*Exercise directions*.
Only a number is expected: the count of lines in the listing where "präsentiert" occurs.

*Data shown*.
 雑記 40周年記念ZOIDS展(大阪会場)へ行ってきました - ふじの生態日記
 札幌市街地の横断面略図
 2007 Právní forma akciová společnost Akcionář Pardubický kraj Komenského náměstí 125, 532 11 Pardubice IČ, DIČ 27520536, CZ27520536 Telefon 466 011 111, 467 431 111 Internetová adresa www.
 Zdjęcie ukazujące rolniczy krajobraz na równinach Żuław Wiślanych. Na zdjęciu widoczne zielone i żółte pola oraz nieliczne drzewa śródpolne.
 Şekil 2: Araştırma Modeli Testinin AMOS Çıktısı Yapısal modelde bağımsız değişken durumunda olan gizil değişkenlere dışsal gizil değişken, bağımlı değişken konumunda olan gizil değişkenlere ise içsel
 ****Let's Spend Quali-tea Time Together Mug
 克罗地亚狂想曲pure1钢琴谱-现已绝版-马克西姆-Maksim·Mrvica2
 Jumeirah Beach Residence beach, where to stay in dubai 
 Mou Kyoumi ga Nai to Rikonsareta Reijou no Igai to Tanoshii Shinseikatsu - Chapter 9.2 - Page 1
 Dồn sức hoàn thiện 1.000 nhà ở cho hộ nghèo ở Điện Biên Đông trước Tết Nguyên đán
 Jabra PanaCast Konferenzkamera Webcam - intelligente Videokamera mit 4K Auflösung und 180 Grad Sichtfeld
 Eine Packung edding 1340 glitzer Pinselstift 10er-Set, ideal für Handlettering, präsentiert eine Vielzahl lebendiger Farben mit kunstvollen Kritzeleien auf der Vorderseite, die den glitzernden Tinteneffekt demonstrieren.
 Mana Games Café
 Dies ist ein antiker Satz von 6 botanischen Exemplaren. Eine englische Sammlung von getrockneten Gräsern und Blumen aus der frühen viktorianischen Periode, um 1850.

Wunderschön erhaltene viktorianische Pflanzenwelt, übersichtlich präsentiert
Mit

*Exercise response*.
2